That's partially correct, but not necessarily in the way you think.

I've been a pro at several dealerships & independent shops, and I still consult at a few. So I have a lot of experience with a lot of vehicle brands, models, years, & conditions. And I've met a lot of other pros who have even more experience than I do.

So you need to understand that just because you imagine that it's one job you're pricing at 20 shops, it's not. It's 40 or more jobs/prices. Because each mechanic can do a REALLY-thorough, detailed, nitpicking job like he'd do on a vehicle his grandfather used to take him hunting in; or he can do a quick&dirty job for a cheapskate customer who just needs the vehicle fixed enough to unload it on some sucker. That's 2 distinct jobs with WIDELY-varying levels of effort & time. ...for EACH mechanic/shop that prices it.

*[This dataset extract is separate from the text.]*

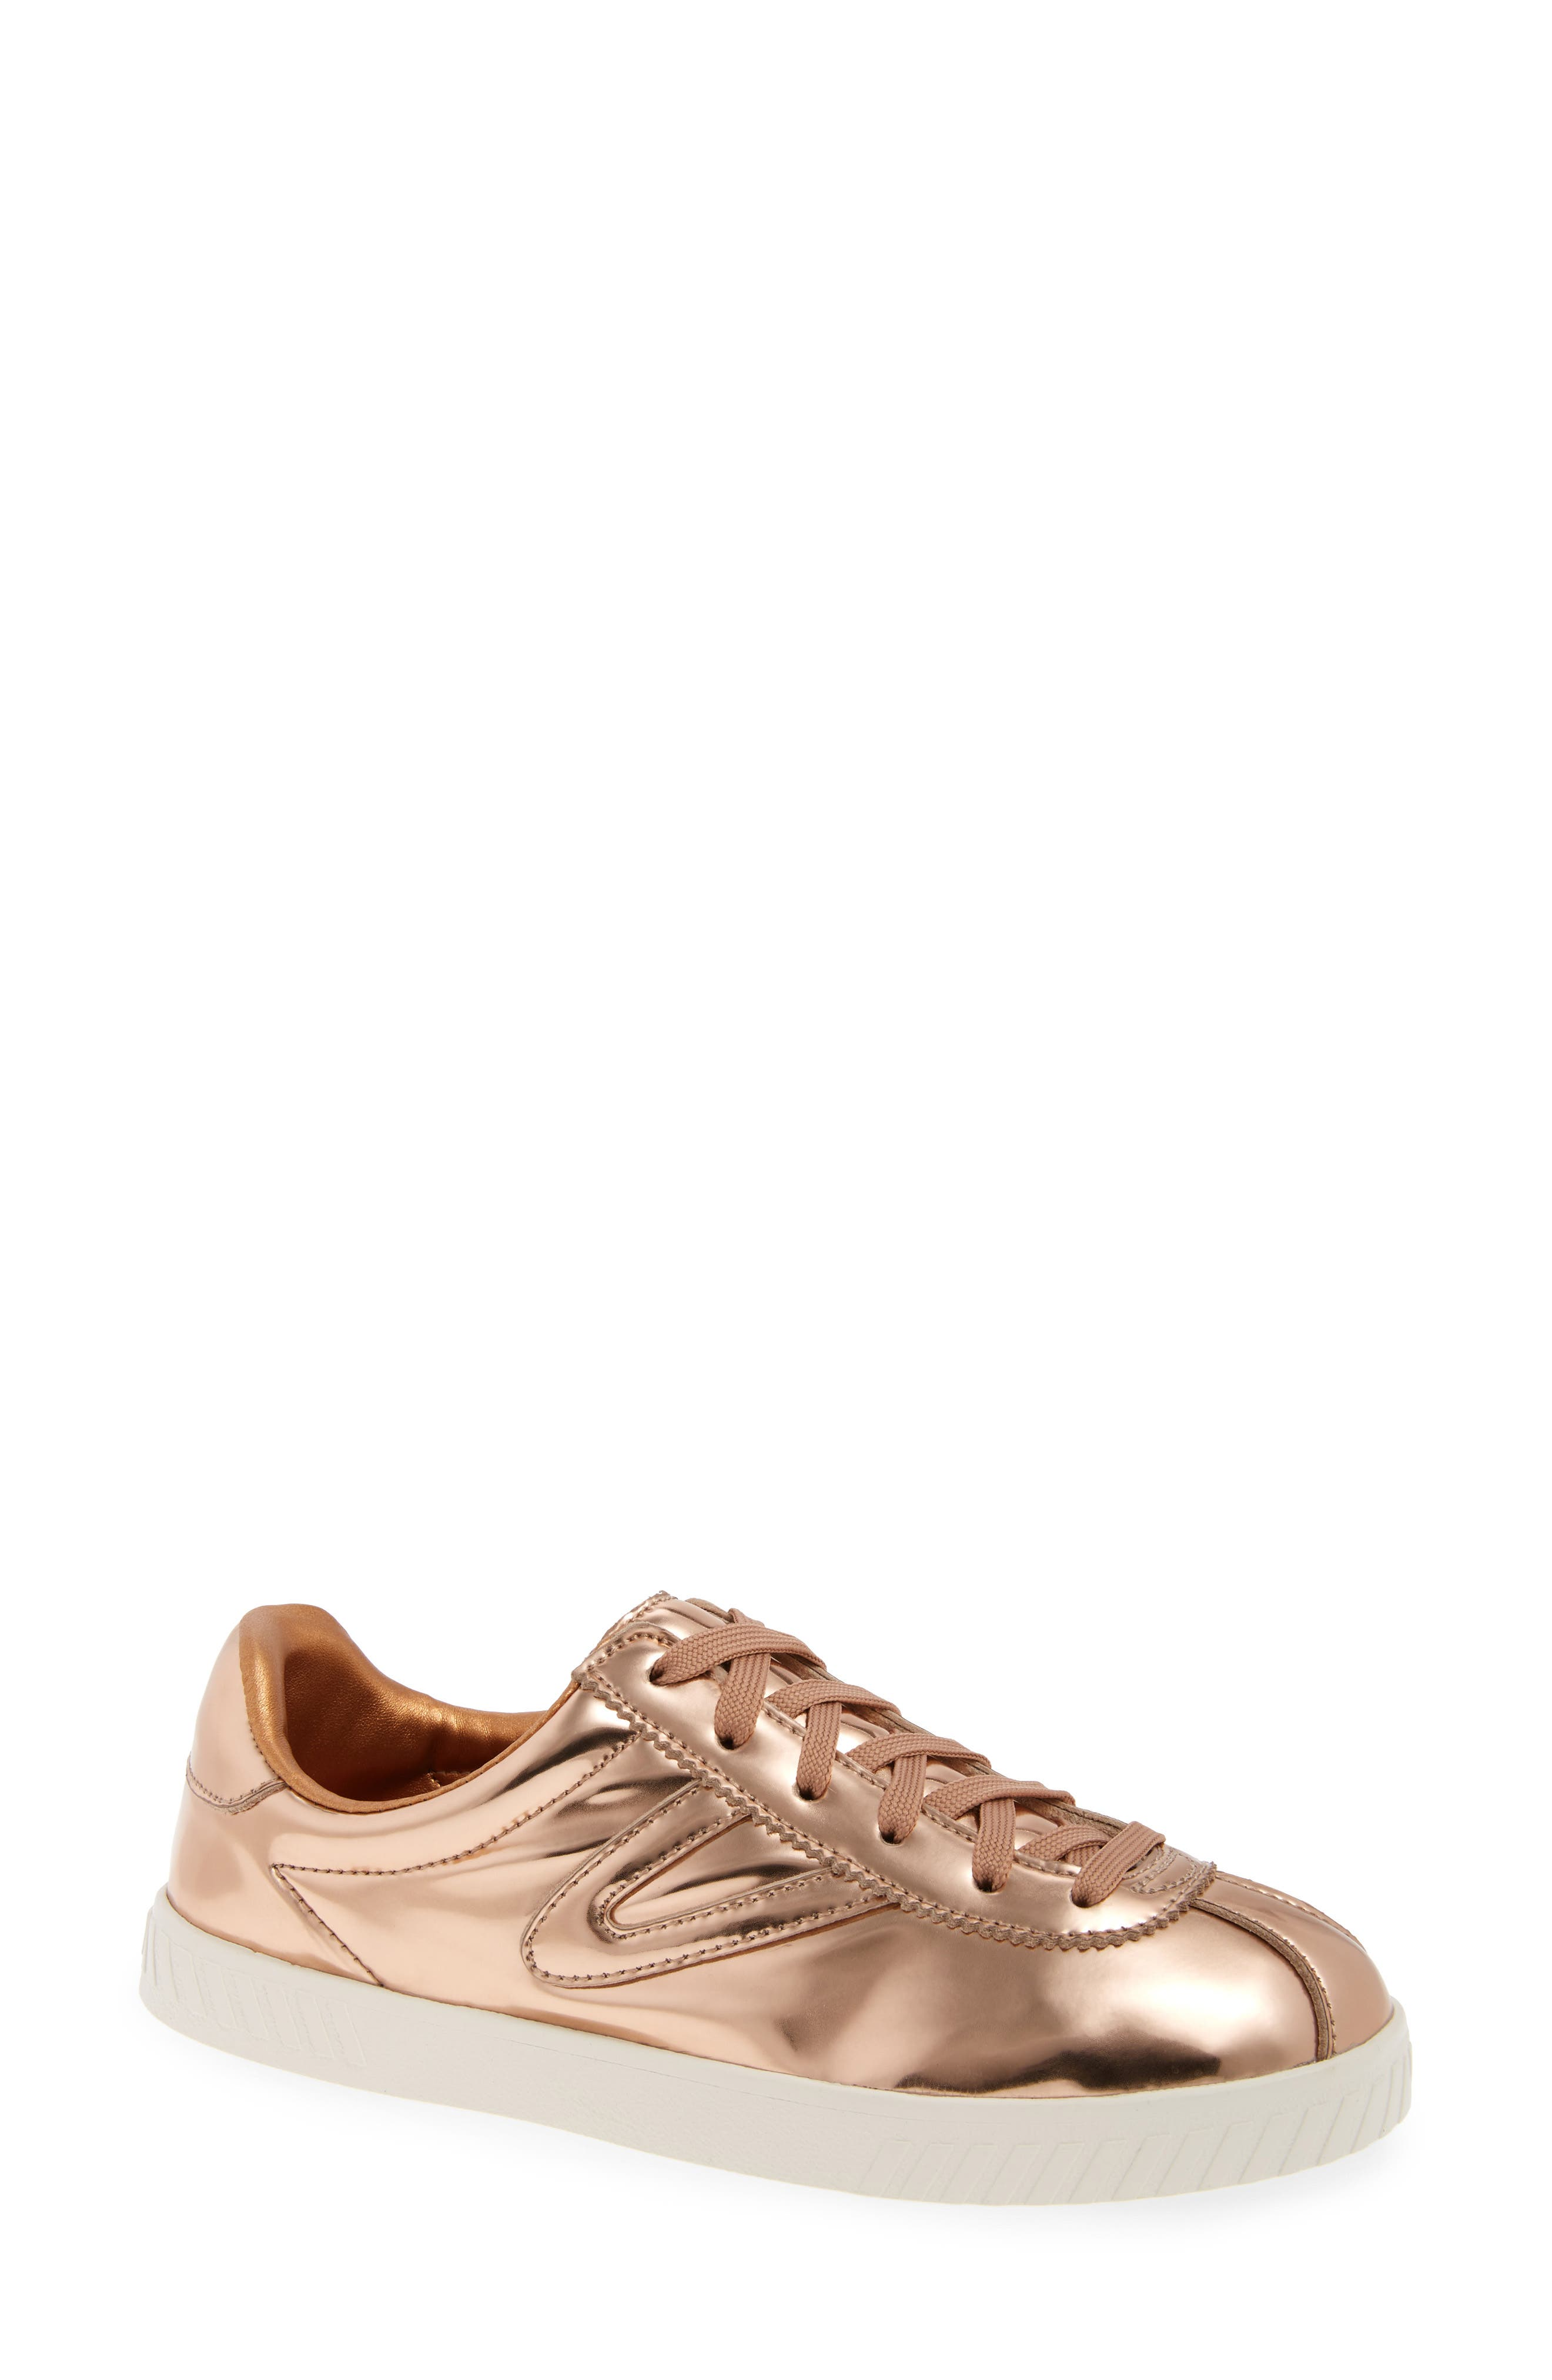 Alternate Image 1 Selected - Tretorn Camden 2 Sneaker (Women)

Then you have to consider the condition of the vehicle... The shop/mech. you take it to doesn't really know how rusty, muddy, patched, welded, or ready-to-fall-apart-at-the-next-butterfly-effect your vehicle is. A vehicle that has either been well-preserved (like in the desert) or thoroughly-restored already (like the one I built for Frank) is much easier to work on, and has much lower risk of incidental damage (like ripping the A-pillar off when trying to remove a hinge bolt), than one that has been abandoned in a closed barn, or hogged through a swamp every weekend for the past decade.

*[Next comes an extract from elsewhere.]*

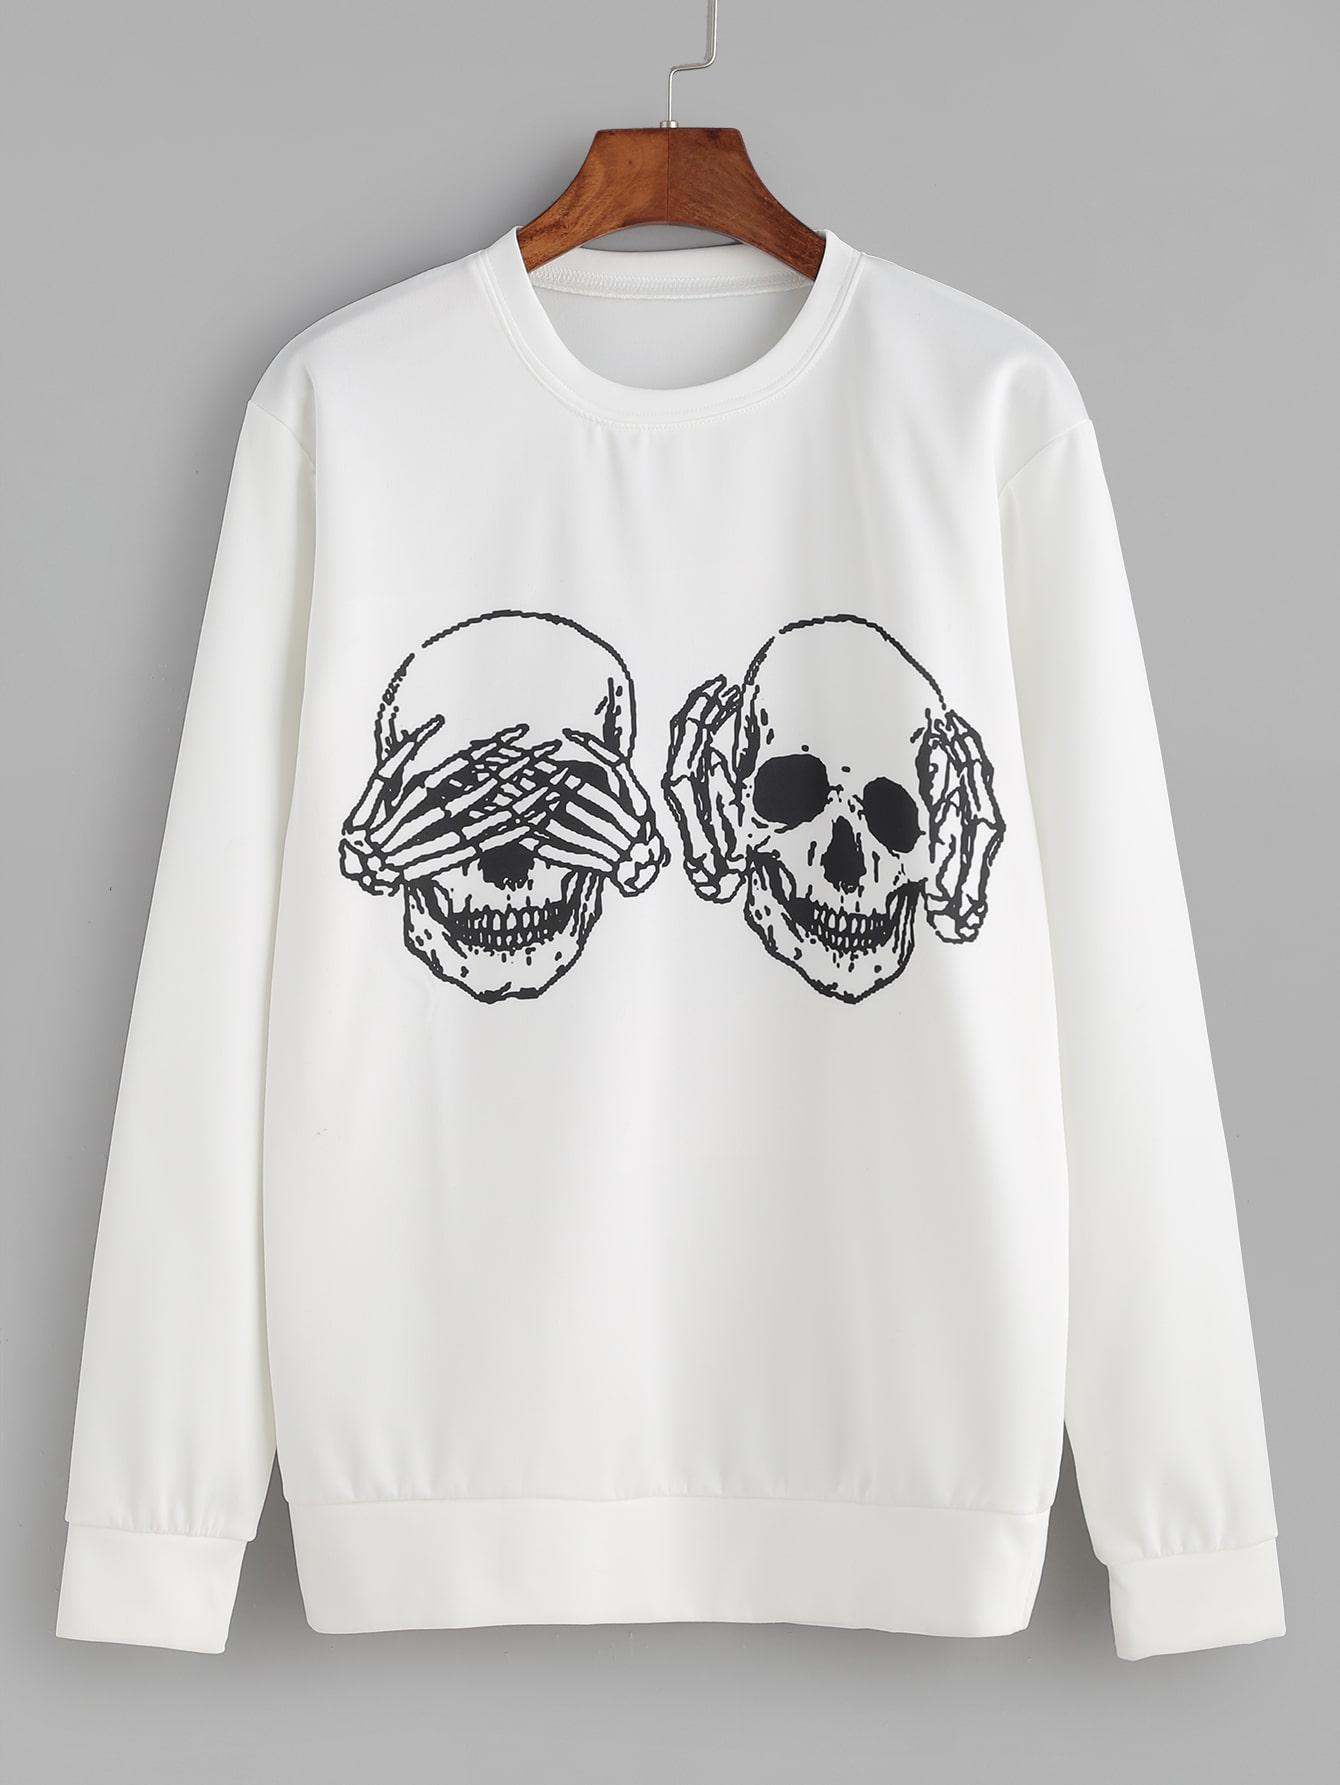 White Skull Print Sweatshirt sweatshirt161019301

And he doesn't have time to find out the details of its condition, just to give you an estimate - it could take hours of inspecting to get to the meat of whatever particular job you're asking about that day, and you're not going to pay for that time. So he's not going to waste it. He's going to glance at the vehicle & look really hard at you, and then guess the MOST time it might take him, and how much you're willing to pay.

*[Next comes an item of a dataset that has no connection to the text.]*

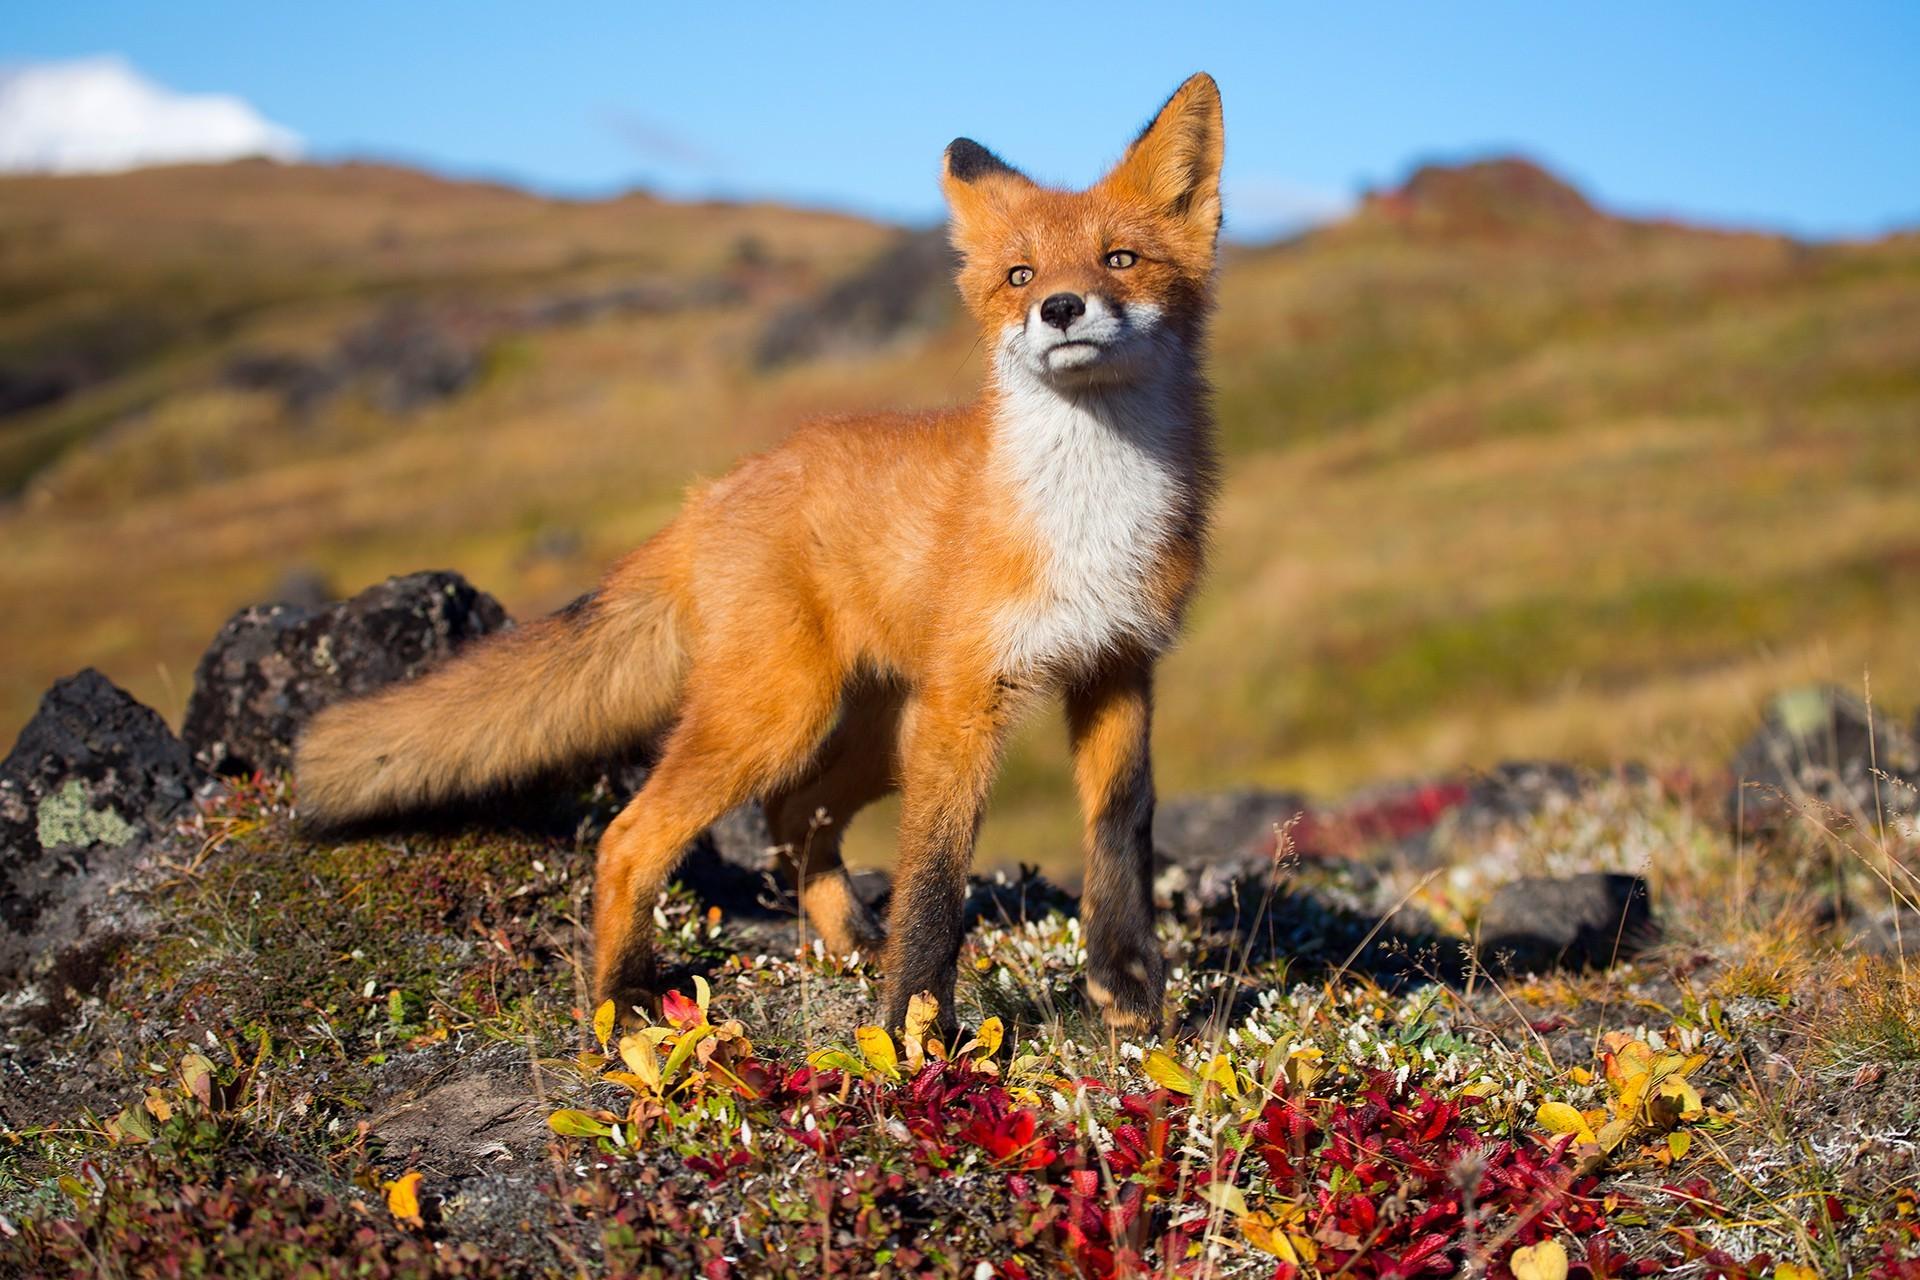 wildlife backgrounds for desktop (62+ images)

He also has to consider the likelihood of you actually giving him the job, given that you're shopping around. If you're not that interested in getting HIM to do the work, then you might go to 20 other shops - that gives him a 1/20 chance of getting it, so why bother? And why offer you a low price? Just for the privilege of working on your rustbucket? He probably has 3 or 8 rustbuckets of his own at home or behind the shop that he'd rather mess with, if he's not making much money anyway.

And you're right that he probably doesn't have a clue about that particular job on that particular antique - how many eBs do you think he works on each month? Each year? In his lifetime? Do you think he has ever done that job on an eB before? Does he think he'll ever do that job on an eB again? So to cover his @$$, he's going to price it near the high end of what he expects. Or if he's desperate for work, and willing to risk a loss, he'll price it low. But if you try to hold him to that lowball price, do you think you're going to get museum-quality work out of him? Or a happy goodbye?

Of course you have to look out for YOUR bottom line. But to get good work from a pro at a price you can agree on, you have to try to see his point of view, and consider his considerations. No, he doesn't know anything about putting aftermarket A/C in a '69 Bronco. But that doesn't make him "clueless". He can probably identify, diagnose, repair, & road-test an A/C problem in a modern vehicle that you wouldn't even notice in one work day. WHILE getting 4 other vehicles repaired.

But working on antiques is a whole other ballgame, which is why many shops don't even accept that kind of work.

So while you can compile a very-interesting list of prices from hundreds of members from hundreds of jobs in hundreds of cities;, you can't apply any of them to any other vehicle (no matter how identical it seems to you) at the same or any other shop in the same or any other city at the same or any other time.

And you certainly can't "keep the mechanics in line" ;D by telling them you heard on the internet about someone else getting a similar job done on a vehicle you perceive as similar to yours. If someone told me that, I'd just tell him to take his vehicle to THAT mechanic, and see if he gets the same price.

...and my price to him would probably go up 50-200%.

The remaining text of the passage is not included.